Julian Prince/ NOTV: Sean and I have known each other since we were 14. I started djing at 16 when Sean picked up a guitar and started composing songs. I met Amine at Cherry much later, on my wednesday night weekly party called “The Other People’s Secret Weekend”. He had just arrived from Paris, was tired of that city and was looking for a new home. We became instant friends. He came by my studio and we made a track called The Fun Maker and a bootleg of Country from Empire of the Sun. Working with him was very organic and seemed natural from the first kick. Six months later we convinced Sean to join us and had him and his guitarist come by the studio to jam. We recorded the vocals without telling Sean and made a track with it called Inside and Out…he was part of NOTV without knowing it. He had no choice but to join us.

Mark Vicente: What are the pro’s of working I a collective
NOTV: People often say three is a bad number. It’s the animal law that two people naturally teams up on one. for this project to move forward, we came up with the rule that majority wins right from the beginning. Everyone brings their best to the project. Sean is the crazy scientist, he comes up with new ways to treat the sound and sings, Amine is the tweaker, he’s got more patience and a good ear, I’ve got the experience so I’m the architect, I polish the tunes, structure the djing and co-write the songs with Sean.

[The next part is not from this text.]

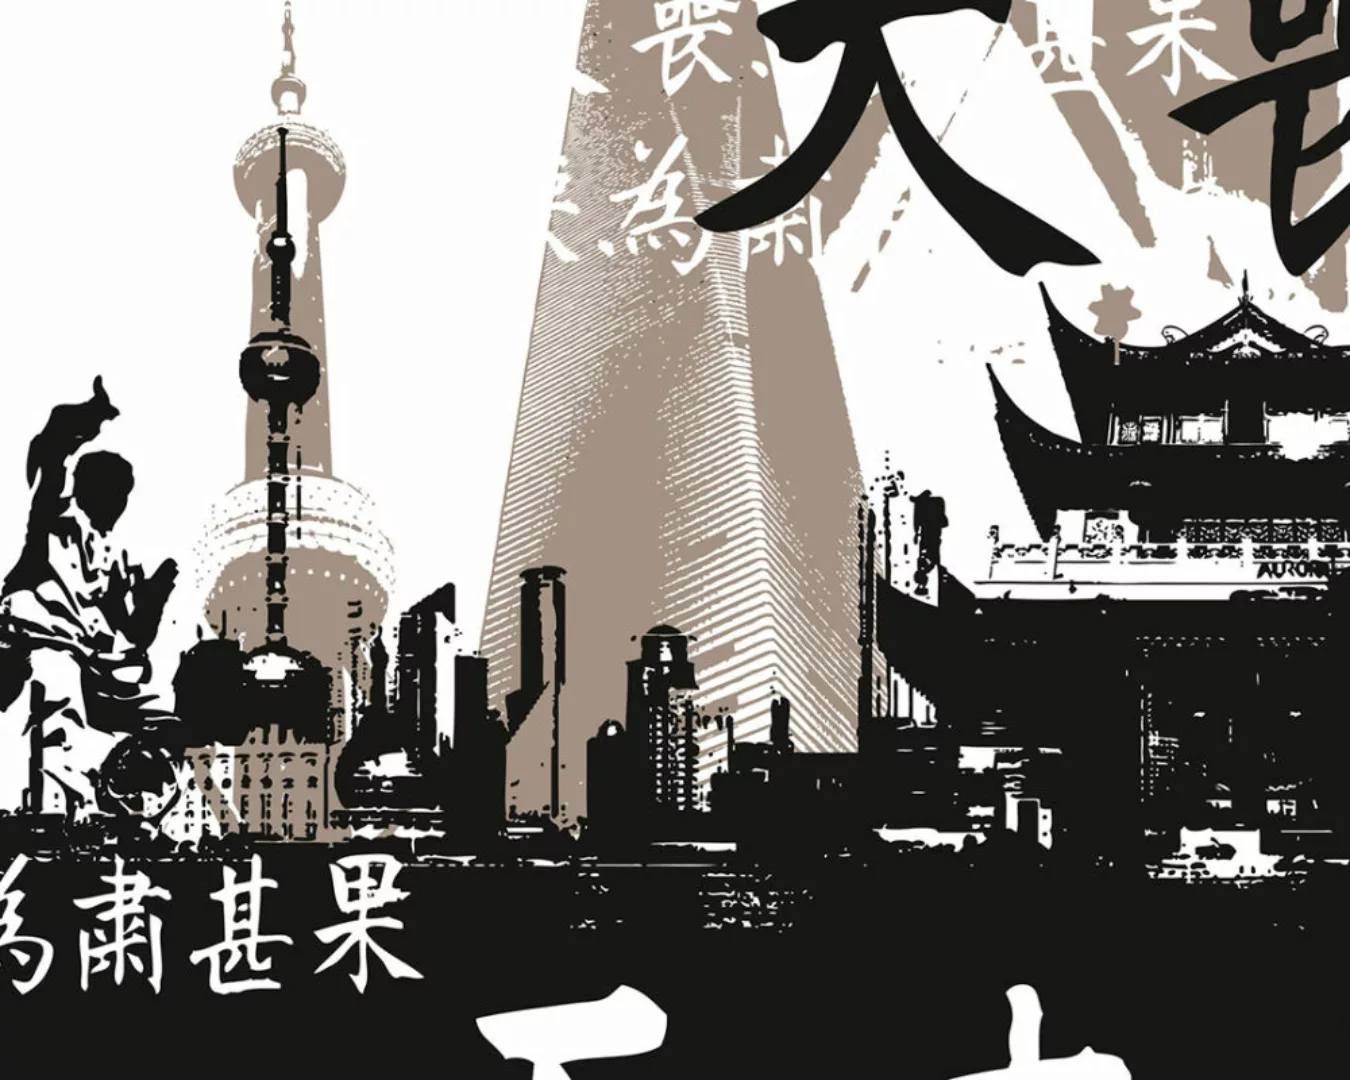 Fototapete "Shanghai" 4,00x2,50 m / Strukturvlies Klassik günstig online kaufen

Mark Vicente: why is club culture important in society?
NOTV:Because it’s a place where everyone in society can have fun together without giving importance to the background, the color, the sexual orientation, the job, the money in the bank account…all people care about is dancing and having a good time. Club music makes that possible.

Mark Vicente: what kind of experience can people expect when going to a NOTV event?
NOTV: We’re high energy. You can hear the passion through the speakers. We play alot of our songs, we can dj, sing, play the instruments…anyway get ready, we may surprise you!

Mark Vicente: what has been the proudest/ exciting/ craziest moment of NOTV so far?
NOTV: Nic Warren closing all his sets of summer 2013 with our remix of From Loving You from Gone Deville.

Mark Vicente: what kind of advice or encouragement would you give to up and coming producers?
NOTV: Don’t waste your time watching TV. Music is now democratic. Everyone can make music without having a 100k studio. Don’t go to school for this, school yourself. Youtube is the best teacher. It really comes down to how many dedicated hours you put in and how much you want it. 10% talent, the rest is work.